Graphics chip? May or may not matter. If you are gaming it's probably the MOST important thing to consider. If you are surfing the net, it doesn't matter at all, as long as the cat videos play.

Then you have the other things like how good the keyboard / screen / speakers etc are. Does it have enough ports to connect stuff? Can you connect it to your TV? Do the speakers sound tinny? How is the battery life, more powerful chips use more power etc. Things like that matter in every day use.
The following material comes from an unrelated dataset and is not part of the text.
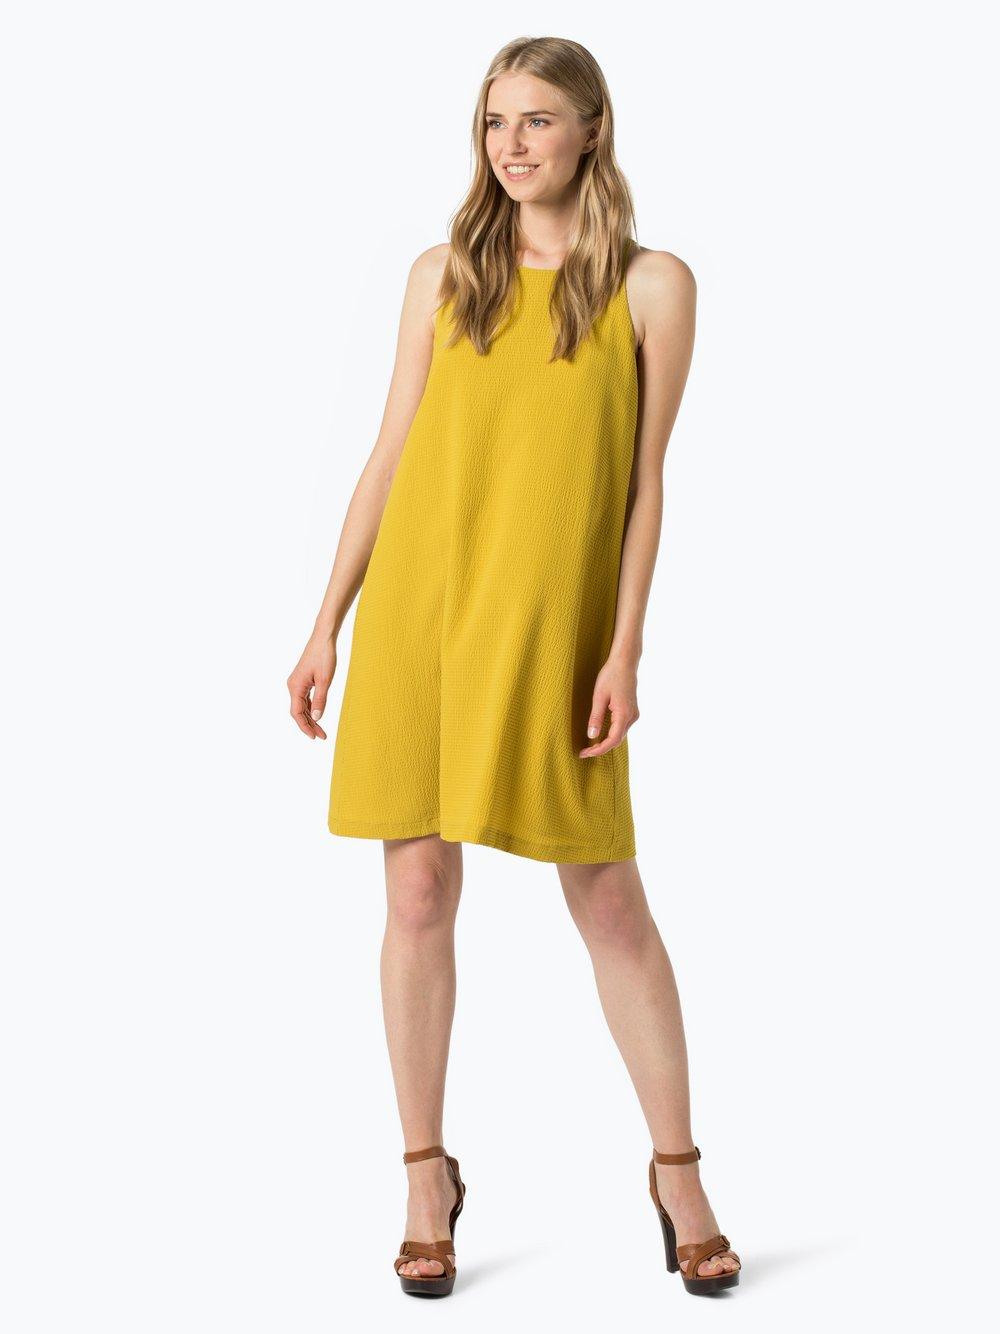 4abe14e8248a84 Opus Damen Kleid - Weria ST online kaufen

Probably confused you more. But I would suggest very different PCs depending on a users actual needs. (and budget) Paying an extra $500 for a machine with a fancy fancy graphics chip that you don't use is silly. Maybe better to spend that on Fibre Broadband so TM loads faster. That sort of thing.

pop7, May 17, 3:34pm
Have you thought of a Mac .I have had windows computers for years and for a change and reasons of portability and battery life I recently purchased an 11 inch Mac book air . I personally love it very easy to use and wonderful battery life . I prefer it over an ipad which I have as well.

whaka2, May 17, 9:18pm
Thanks for all the help, yes ianab - I likened it to purchasing a car too - so many options and figuring out which is perfect for you takes time. I guess the difference is not really visual with computers. I will take all of this into consideration and probably buy the one that looks good - total woman way to go.

cafc2012, Nov 9, 2:19am
If "Normal usage at home " does not include editing videos or playing state of the art computer games, that i7 processor is not necessary, and a cheap option will save you some money.

It might help if you tell us the make and model of your current laptop, and what you dont like about it, and someone here can suggest a suitable, simple set of specifications you can use as your "bottom line" requiremenbts (then you can chose the one you like the look of that fits those specifications). By the way, how the laptop looks is important too, especially if you are using it every day.